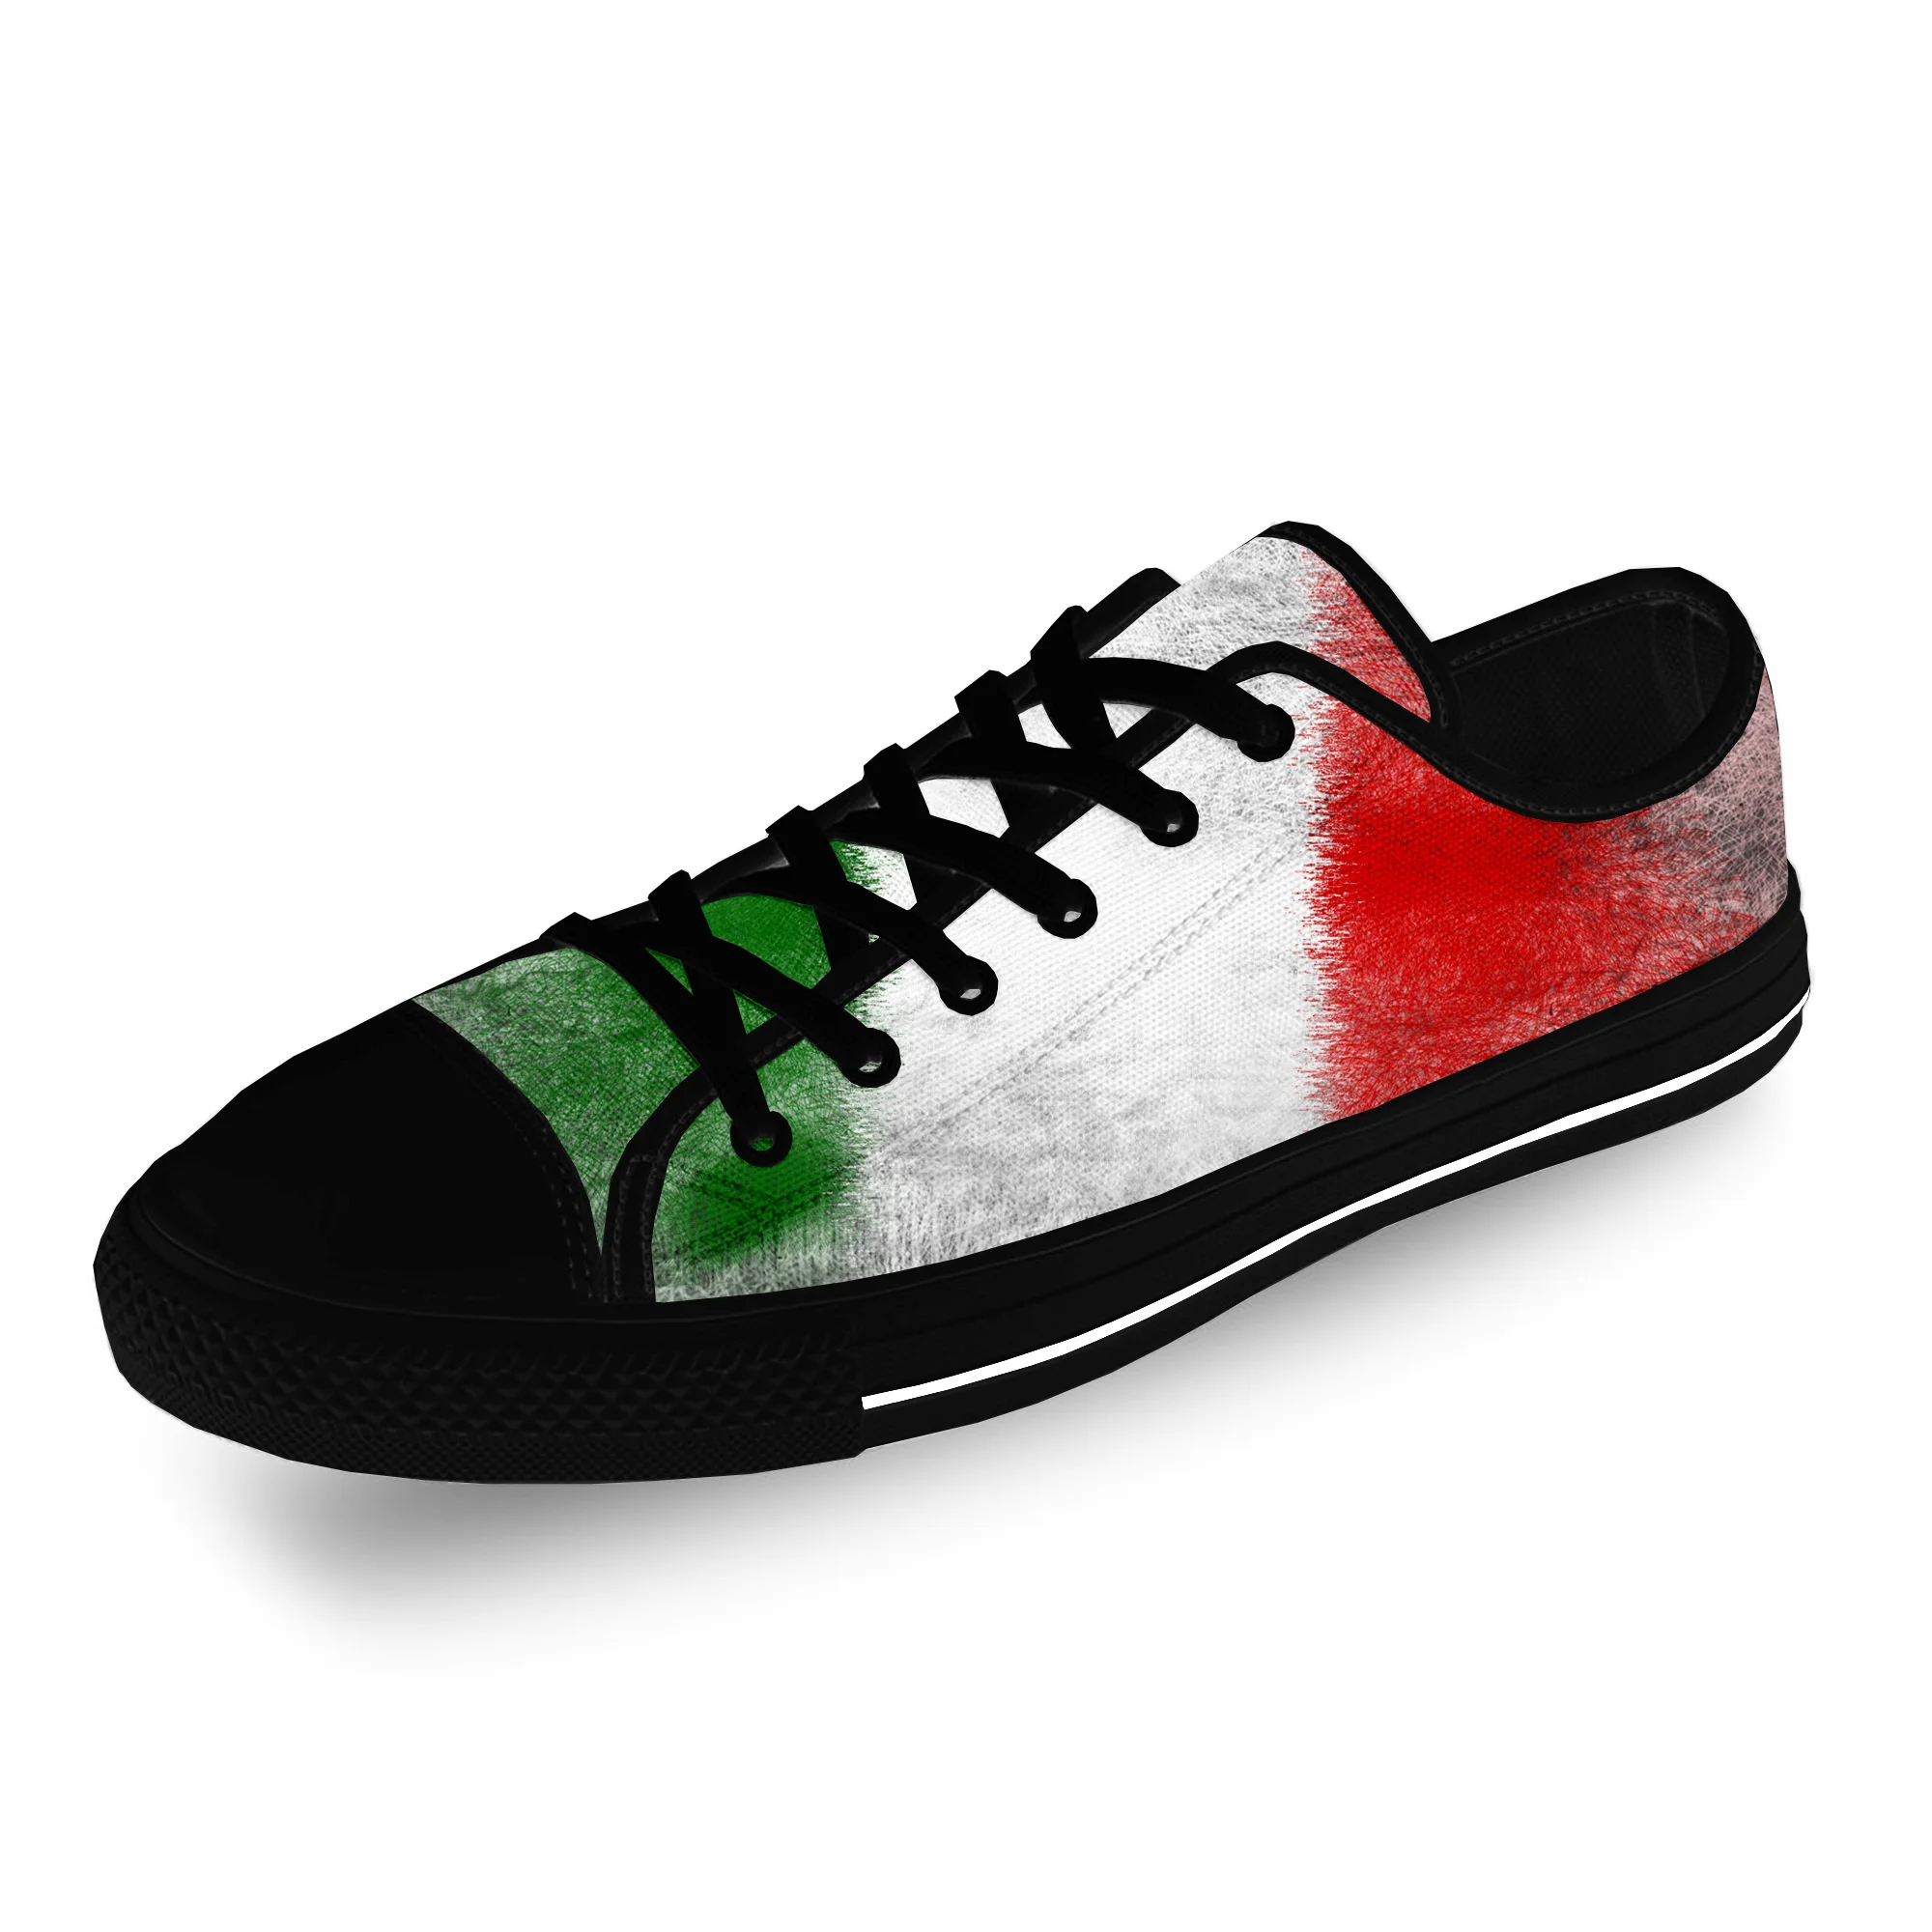 

Текстильные низкие кроссовки для мужчин и женщин, смешная повседневная обувь с итальянским флагом Италии, патриотической тканью и 3D принтом, дышащие
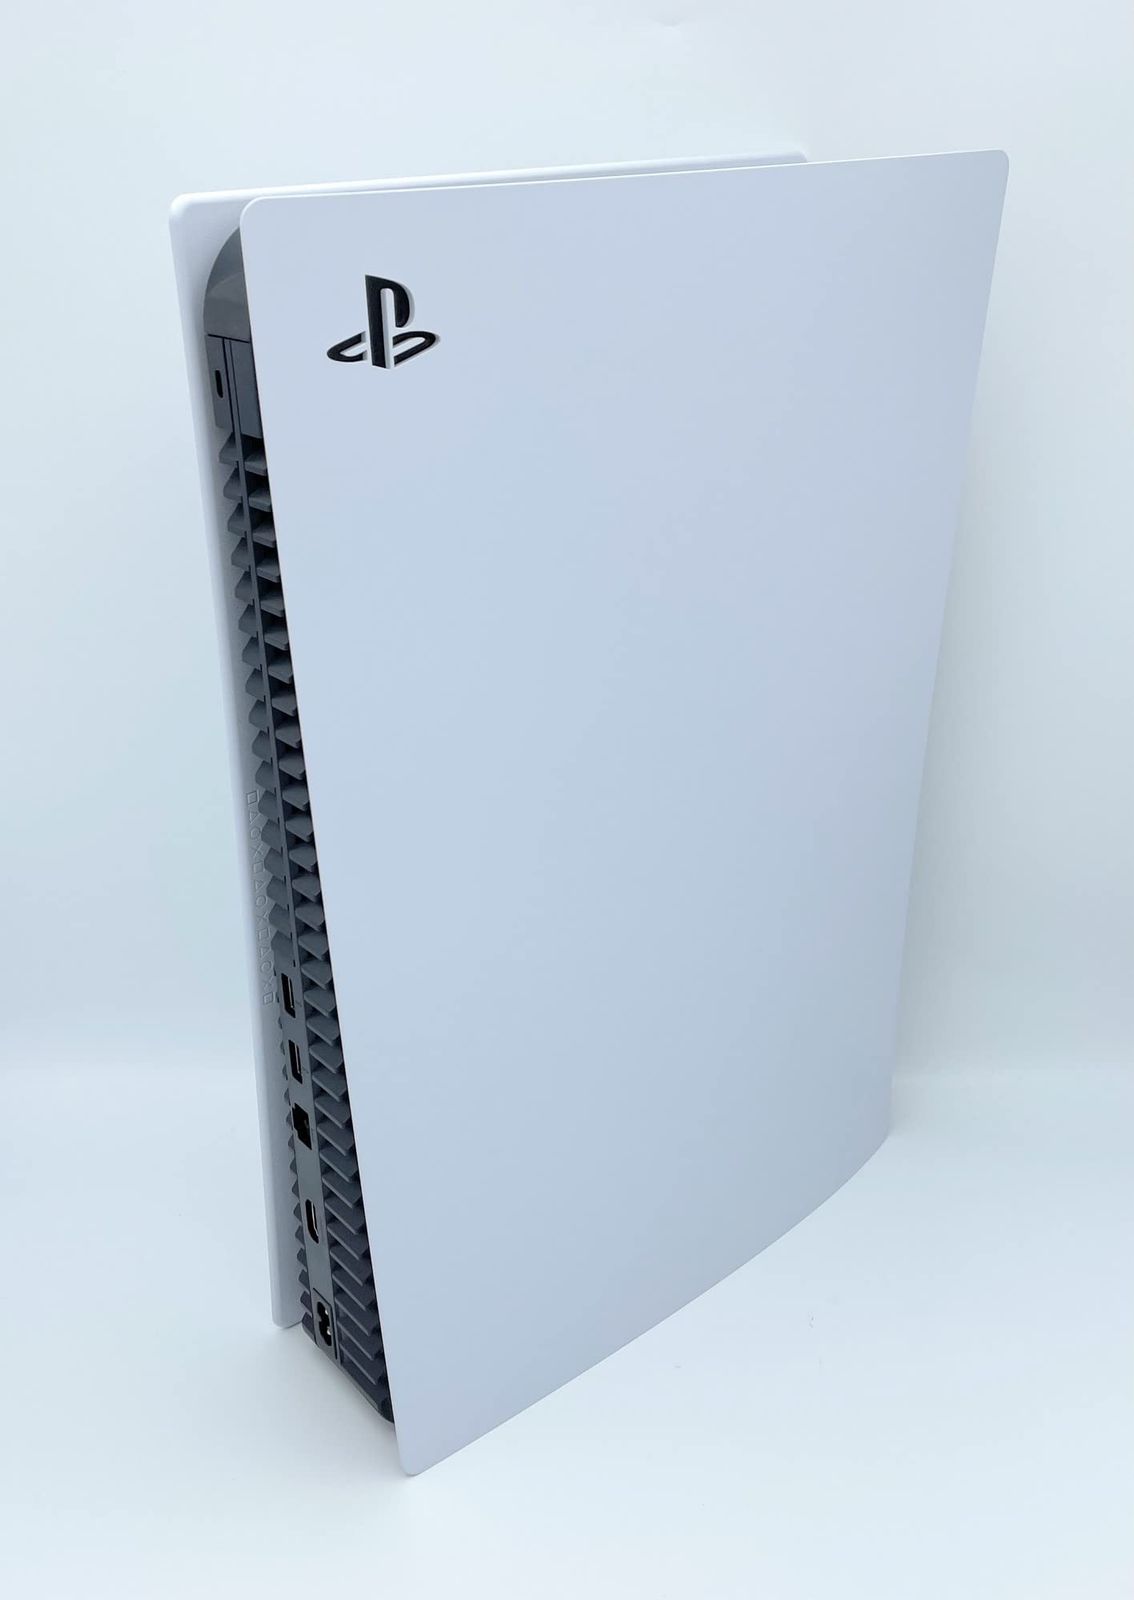 PlayStation 5 デジタル・エディション グランツーリスモ7 同梱版
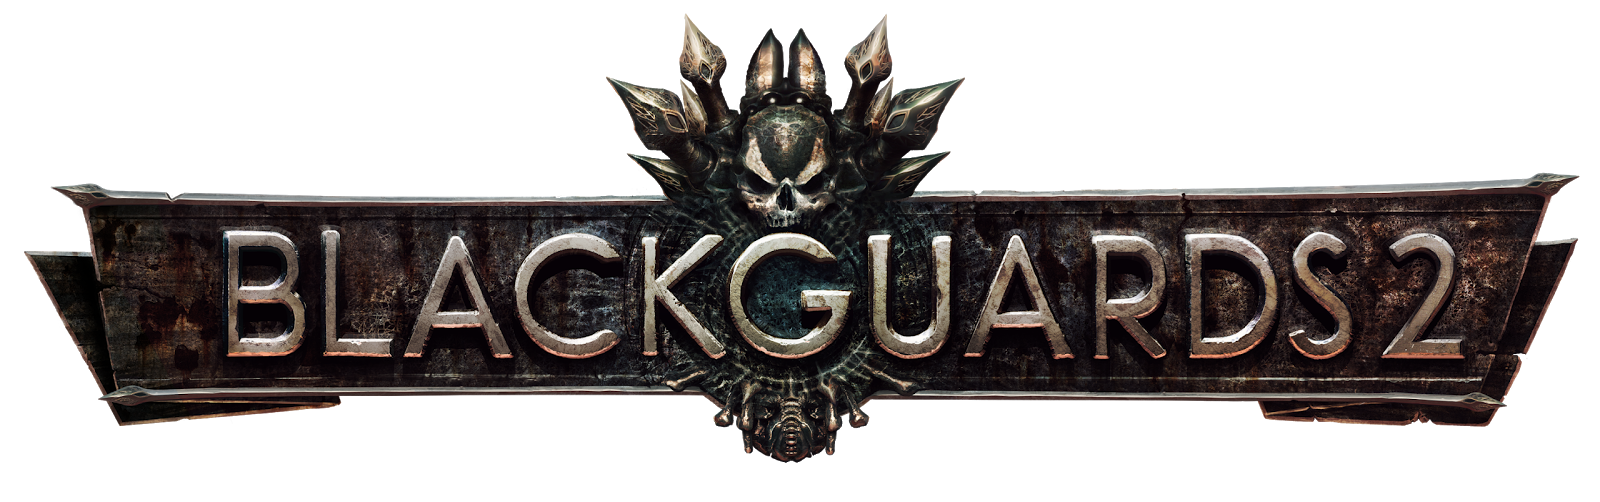 blackguards 2 lore
::::::::::
*Work to be completed:* Without any pictures, return the material above exactly.

*Expected answer:*
Текстильные низкие кроссовки для мужчин и женщин, смешная повседневная обувь с итальянским флагом Италии, патриотической тканью и 3D принтом, дышащие
 PlayStation 5 デジタル・エディション グランツーリスモ7 同梱版
 blackguards 2 lore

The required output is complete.